2. Materials and Methods
We used publicly available time-lapse footage of the axon growth and axonal guidance of the mollusk neurons in the presence of mercury (posted on the YouTube aggregator at:
https://youtu.be/XU8nSn5Ezd8;
https://youtu.be/FAWRYoYSAj4;
https://youtu.be/ewNvcFJEHbA;
https://youtu.be/Ipi3OneIw0A)

from the popular film "How Mercury Causes Brain Neuron Degeneration", created by a team of authors from the University of Calgary (Faculty of Medicine, Dept. of Physiology and Biophysics). Sequences of frames taken before the introduction of mercury were taken as a control.

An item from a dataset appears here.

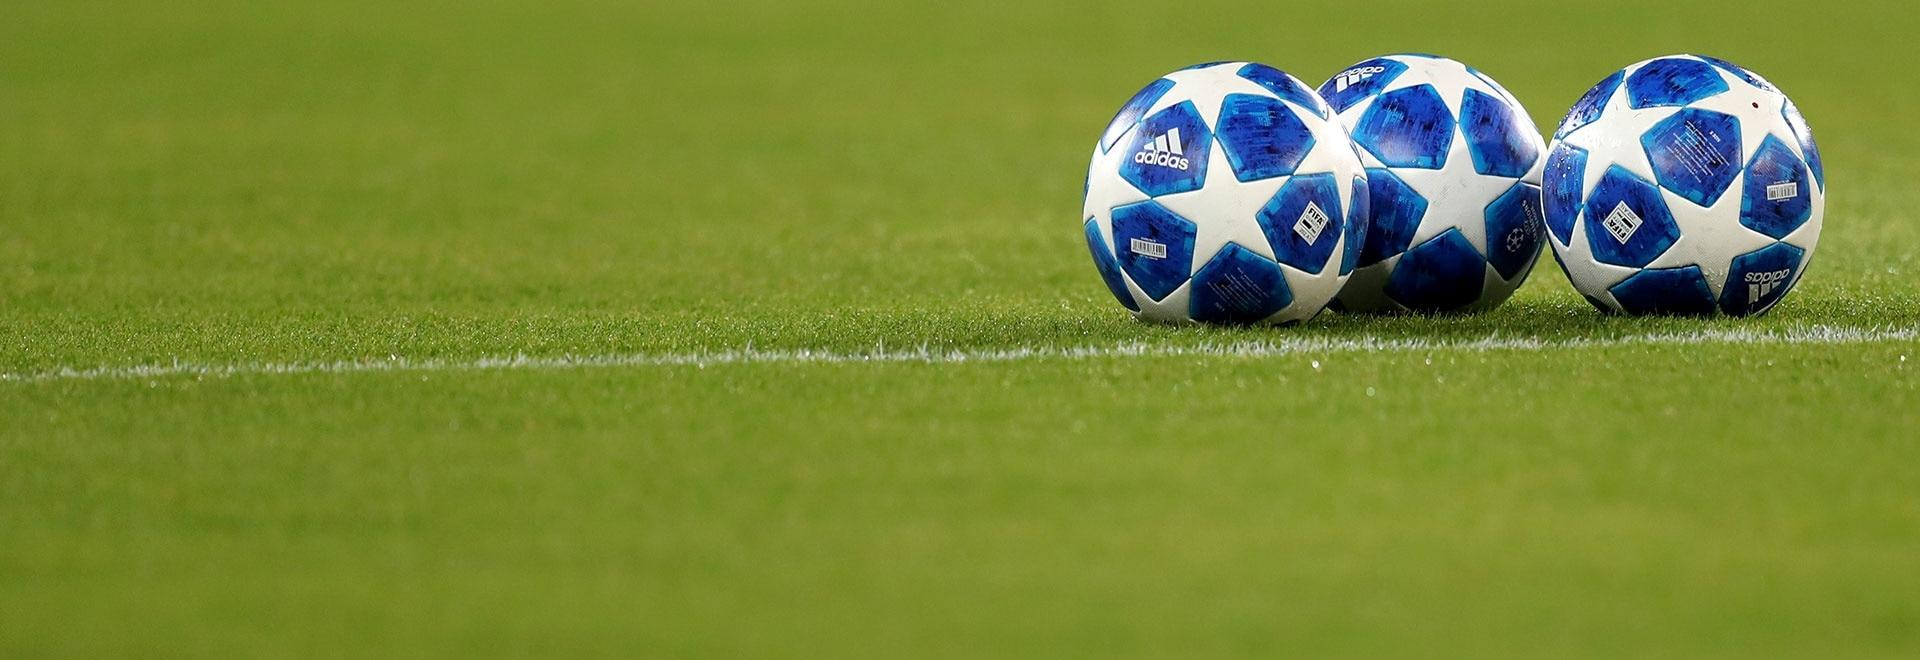 Bayern M. - Chelsea 2012

To control the intrinsic dynamics of disturbances in vector fields during the mercury diffusion (under the conditions of advection and convection, which inevitably arise due to the temperature difference between the introduced substance and the cultivation medium), frames were taken for the first one and a half seconds after the toxicant introduction into the medium, until the currents were established, which made it possible to observe the dynamics and single neuron behavior without "convective artifacts". As a control of the vector fields of the intrinsic neuron behavior, we used the frames taken after the stationary state establishment in the medium up to the final stage of involution (denudation) and destruction of trends in the connectome formation.

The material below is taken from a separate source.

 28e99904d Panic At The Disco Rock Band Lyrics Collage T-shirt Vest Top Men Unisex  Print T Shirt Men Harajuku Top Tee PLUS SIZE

To analyze a series of film recordings / registrograms, we used the VirtualDub MSU Motion Estimation Filter developed by the Computer Graphics Laboratory at the Moscow State University (CS MSU Graphics & Media Lab; supervisor - Dmitry Vatolin; the authors of the algorithm - K. Simonyan and S. Grishin). Vector field visualization approach was used to analyze the object motions, which is also used in aero/hydrodynamics in PIV (particle image velocimetry)^65-68.

3. Results and Discussion
The results obtained and their description is shown in (Figures 1-5). Briefly, the experiment demonstrates that:

• The structure of the vector fields of axonal guidance in the control (before the introduction of mercury into the liquid) demonstrates the presence of a high “search activity” of axons, spreading over the entire field of view - a kind of “probing the field”;
• After introducing a drop of Hg into the area free from cellular structures using a capillary or a patch clamp pipette, high-speed convective and advective flows are observed, indicating the beginning of mercury distribution in the medium;
• When mercury reaches the ends of the neuronal structures, denudation begins, accompanied by the contraction / degradation of the lateral filopodia, lamellipodia and protrusions, while the machinery of axonal path finding, the formation of connections (structural units of the connectome) is blocked and ceases to be active (since the vector fields of the corresponding structure dynamics are not registered any more);
• Further structural involution is indicated by the retrograde vector fields - there is a reduction in the growth cones of axons in all the neurons at an accessible distance, capable of participating in axonal path finding / axonal guidance;
• The terminal stage of the denudation processes is a stationary state, indicated by the absence of representative vector fields of motion estimation (however, at the initial period residual oscillations / fluctuations can be observed, resulting from the reversible short-wave contractions, which, apparently, are due to the automatism of the cell cytoskeleton elements and filopodia).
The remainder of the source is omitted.